Lunch was meh. People were there. I feel like some talk of the upcoming sitcom "Derek and Samantha" may have occoured, but I really can't remember.
The rest of the day was meh. I got a ride home from one of my friends, since I didn't have a car today.
I got home and went on the computer a little, then took a nap. I laid in bed for about an hour. I must have been sleeping for some portion of that time, because I remember dreaming. It was about the blog. I had mistakenly redesigned it. It was light green and tan and white and the posts were only sorted by length, not label or time. It was odd and disfunctional.
I had dinner at some point in there. And I made brownies. I asked my mom to help me with some college stuff. I've been asking her to help me with this for days.
I note that it's 6:30ish. Since my class finished last week, and it ran from 7:00 to 10:00, I had been planning on sort of reserving that time to work on art stuff. My mom pointed out to me that didn't I need something from the store and she was going to the store later and it would only be a half hour or fourty-five minutes so why didn't I just come with her? I figured that would be okay. Three hours later (THREE FUCKING HOURS), we got home. An hour and ten minutes later, she finally found the time to help me with the college stuff, which turned out to not be as complicated as I thought it was. No art has happened. No homework has happened. It's 12:38 AM.
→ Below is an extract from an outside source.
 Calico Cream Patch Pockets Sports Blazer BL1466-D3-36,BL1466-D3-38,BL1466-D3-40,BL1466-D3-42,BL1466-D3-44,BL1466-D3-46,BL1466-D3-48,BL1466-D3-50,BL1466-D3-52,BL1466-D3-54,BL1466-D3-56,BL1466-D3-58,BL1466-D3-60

My mom is a good mom when that's what she's doing. When she's constantly at my grandparent's house, she isn't. There's some times when it's fine, and there are some times when I just need someone to help me with things. Sometimes, I just need my mom.
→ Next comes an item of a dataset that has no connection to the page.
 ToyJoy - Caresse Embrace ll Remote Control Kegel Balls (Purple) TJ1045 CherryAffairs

I sometimes wonder how my education would have been different if my parents had pushed me more. I'm not a terribly self-motivated person, but I wonder, if they had treated Bs like they were a bad thing, if they had made sure I did my homework, if they had focused more on that, would I be better off? If they had pushed me at art, would I not think that everything I have in my portfolio is horrible? No, instead, I think they wanted some well-rounded, emotionally stable child. They didn't really get one.
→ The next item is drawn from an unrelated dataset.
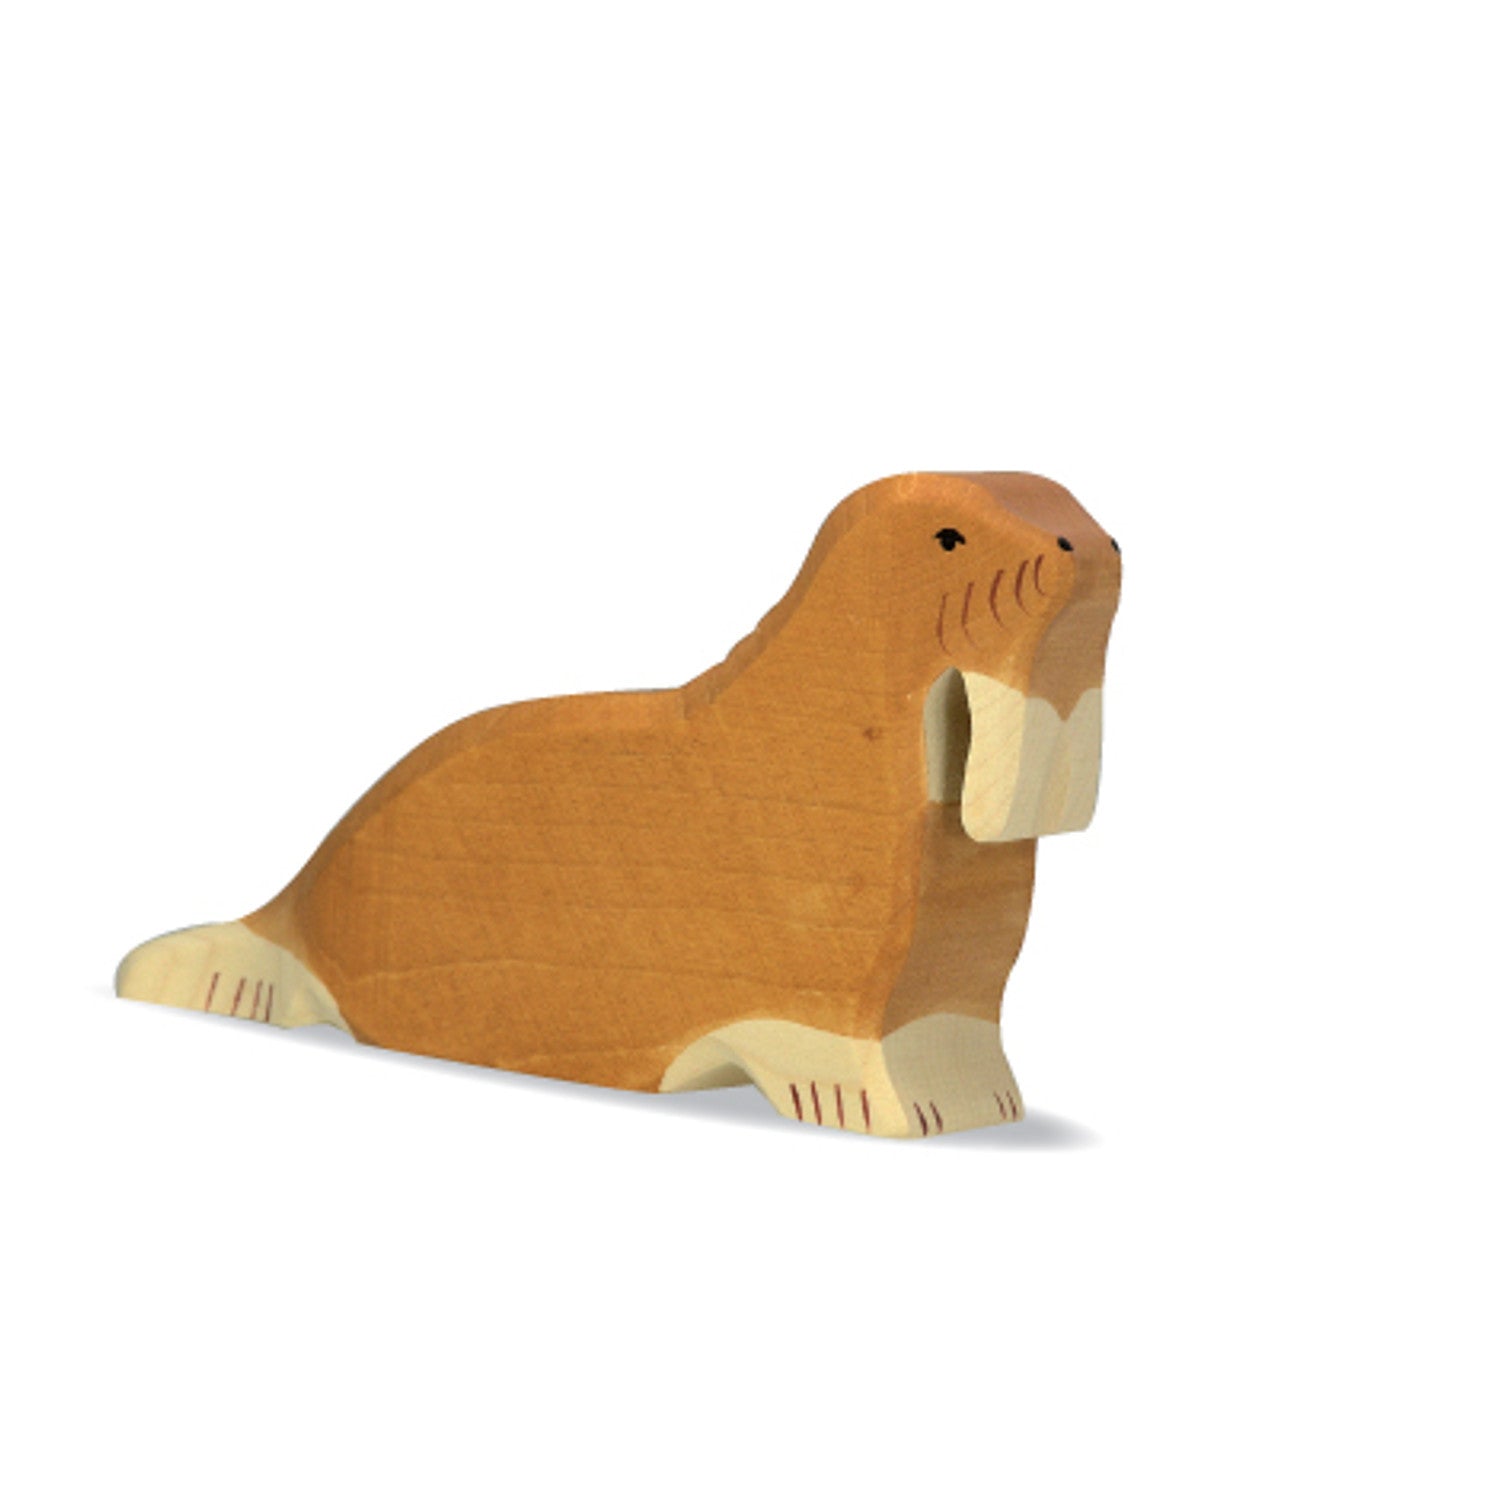 Holztiger wooden hand carved walrus figurine imaginative play

I wonder if I really want to go to college, or if I just want to get out of here. Because I do want to get out of here. I think it's funny that I've never questioned if I could live on my own, but I've questioned plenty of times if I could handle the work in college, handle that pressure. It seems like everything might be more real in college. And art school? I don't know if I want to be an artist, or if I'm just going into art because it's something where I don't have to feel so fucking inadaquate all the time, like I do at school. I don't think it's going to help, really. And apparently a lot of the portfolio work I've been doing is wrong. Great. Really freeking great. I don't know how good I am, compared to other people. And part of the art school concept is that I won't have to compare myself any more, I won't have to care that my ACT and my GPA is so many points lower than everyone else's, that I didn't get a five on all my AP's, that I wasn't as advanced and as shiny and as perfect as they are. I have this dream that maybe, at art school, I won't have to feel bad about everything, that I can just exist and do my thing and be fine with that.
And then I realize that after art school, I'm going to have to get a job and then be competing with everyone else. Even if I got published, I know I would push that competitive additude on myself, that I wouldn't feel okay about being mid-list while there are bestsellers out there, wondering what's wrong with me, wondering why more people aren't reading my book, wondering why they got the wrong message from it. And then, I would have those helpful friends asking "Is this based on real life?" No. It's not. You would like to think that you're him, I know. You're not. It was always supposed to be like that, all along. That's why you're not reading it.
And this, my friends, is what the month after NaNo really feels like. Too excited, too low, too meh. It's slightly worrying that NaNo makes me feel like this, but I can't explain it any other way. I feel good when I'm writing, and when you take away that adreneline, everything is suddenly a lot less colourful.
But I'll be fine, even if I don't see that now.